In contrast, patchy hair loss resulting from conditions such as head fungus, skin and autoimmune disorders and stress-forced fallout is usually temporary. So is toxic baldness, which may resolve in months; it's caused by a number of drugs, including cancer chemotherapy agents, cholesterol-fighters, anti-depressants and beta blockers. And HIVers anecdotally point to these meds as causes of lost locks: anabolic (muscle-building) steroids (such as testosterone), Megace, 3TC, hydroxyurea, alpha interferon, famciclovir and fluconazole.

Here, then, are Nursie's hair-raising hints. Two drugs for male pattern baldness have hit the market: the over-the-counter (and good for the gals) topical minoxidil (Rogaine); and the prescription (guys-only) oral finasteride (Propecia). Both drugs are somewhat effective in maintaining -- and occasionally regrowing -- locks beaten by alopecia, especially at the scalp's crown. (But don't expect miracle growth at the front of that ebbing hairline.) These drugs tend to work best for men in their 20s and 30s balding for less than five years; they take up to a year to kick in -- and hair loss resumes when the meds are stopped.
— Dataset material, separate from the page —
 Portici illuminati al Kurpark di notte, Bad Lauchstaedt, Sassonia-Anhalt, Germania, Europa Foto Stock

Side effects? For Rogaine, they include scalp irritation and itching; for Propecia, rash, itching, hives and swelling of the lips and face, breast tenderness and enlargement, and -- sorry, stud -- ejaculation difficulties, erectile dysfunction, testicular pain.
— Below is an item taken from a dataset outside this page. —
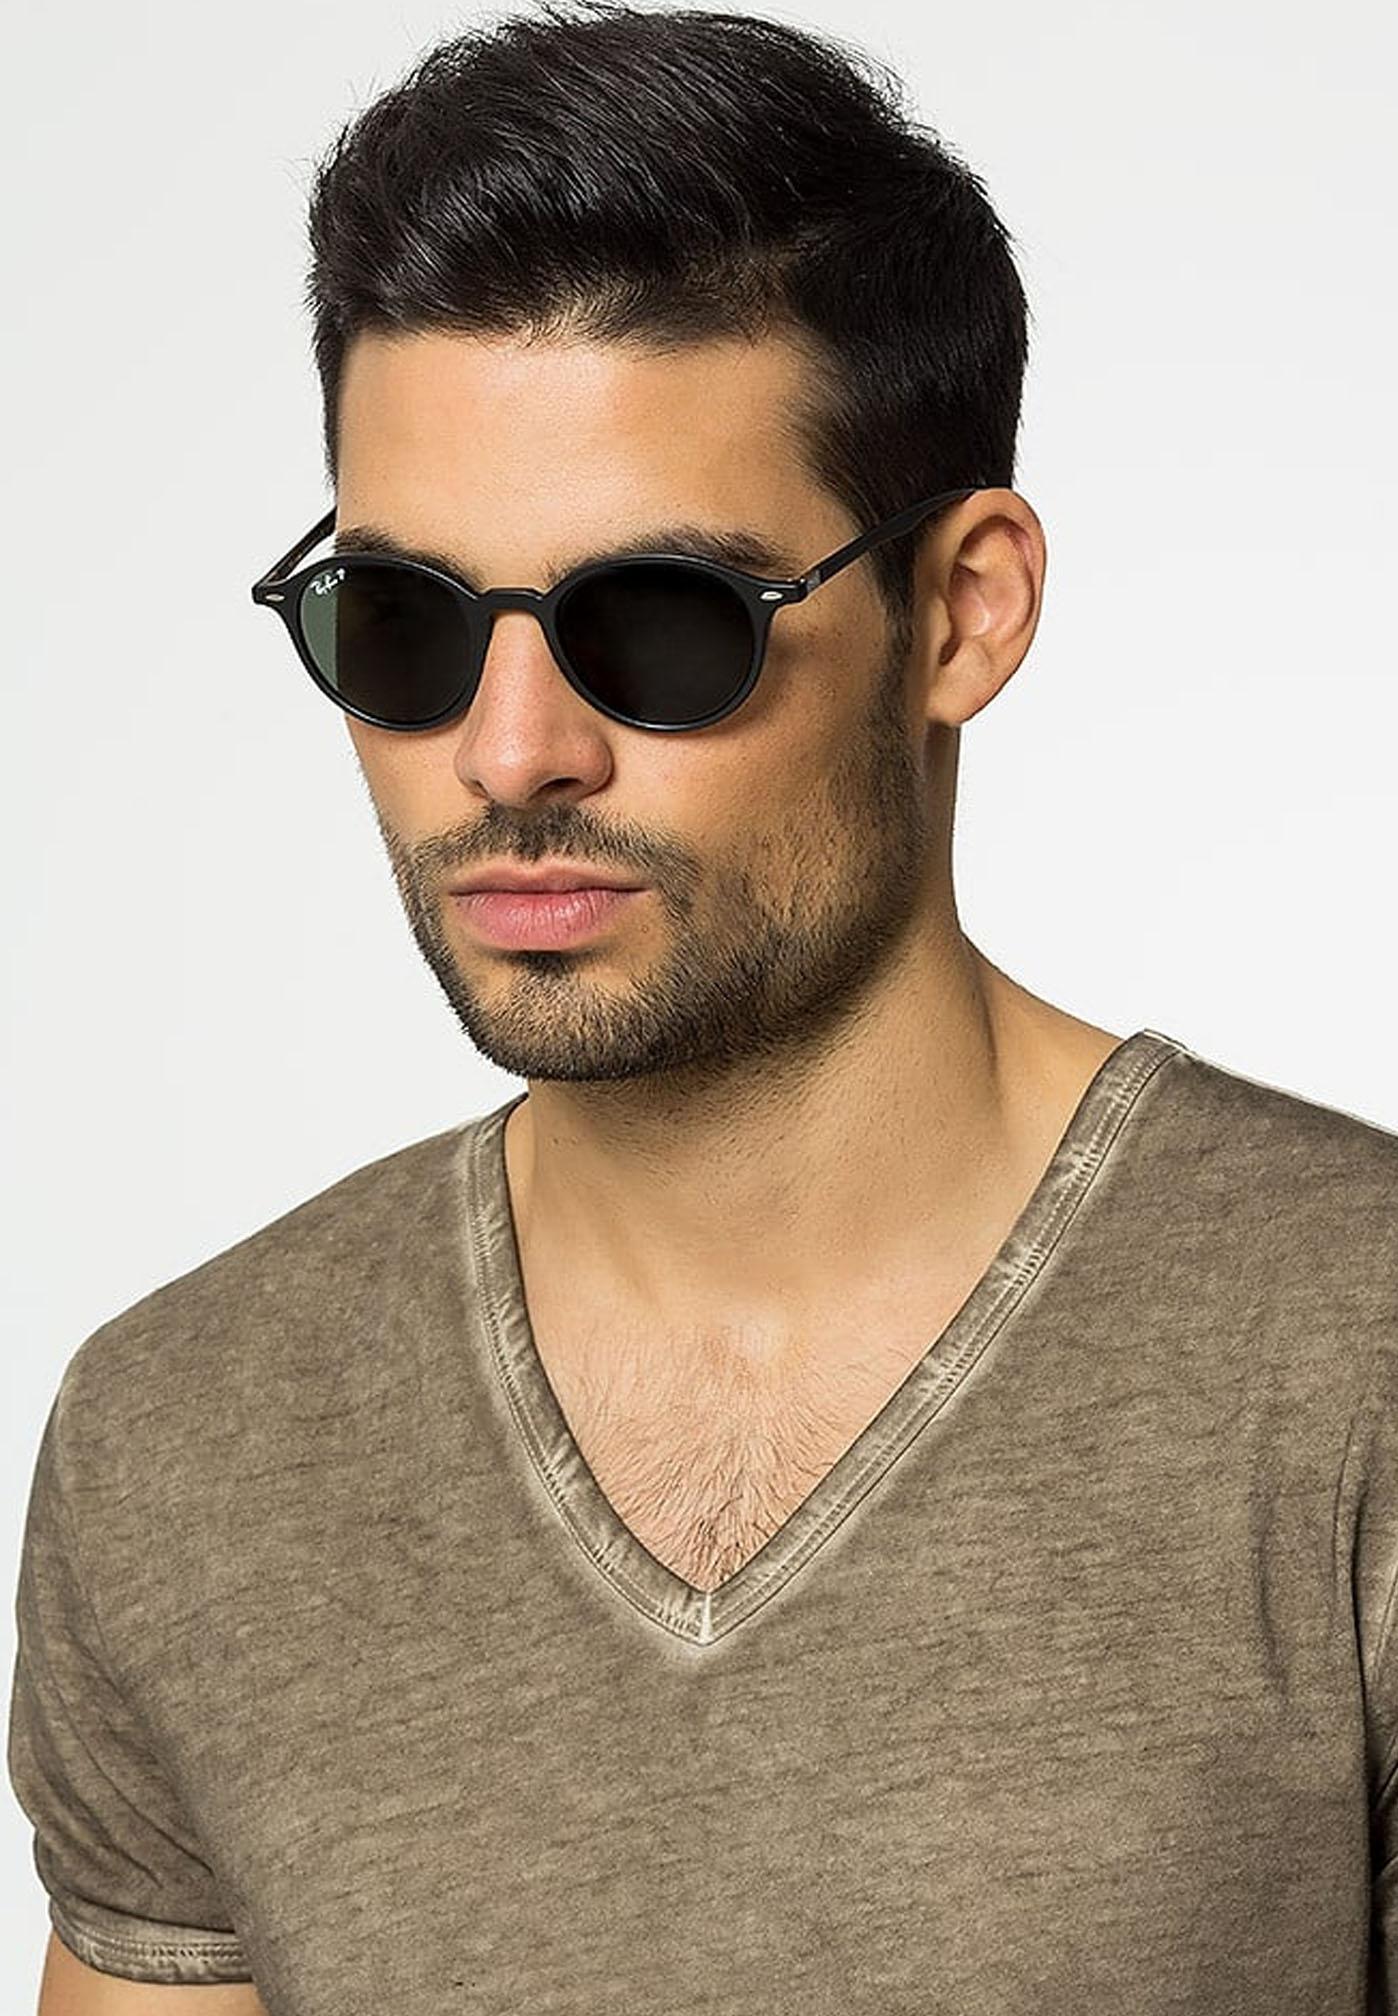 zonnebrillen hoekig gezicht heren

Hanging onto a head -- or mere wisps -- of hair means making nice to your scalp. Excessive oil clogs pores and causes hair-root malnutrition, triggering more shedding, so frequent shampooing can help. Some HIVers swear by Revitalize, an herb-and-nutrient-packed formula. The vitamin biotin can treat your tresses well, as do ginger (powdered or tea), fish or flaxseed oil and bioflavonoids (quercetin is one).

When the hairline starts closing in on the nape of the neck, it might be time to consider gluing on a hairpiece. Available in synthetic and natural hair, they cost $500 to $3,500. A more drastic step is a surgical transplant. Besides the discomfort and humiliation of sporting a plug, transplants are pricey ($1,500 to $10,000) and balding may progress in untreated areas. In the end, a few minutes in the shower with a disposable Bic razor and a dab of shaving cream may be the treatment -- glare or no -- to get you the kind of attention a wig won't.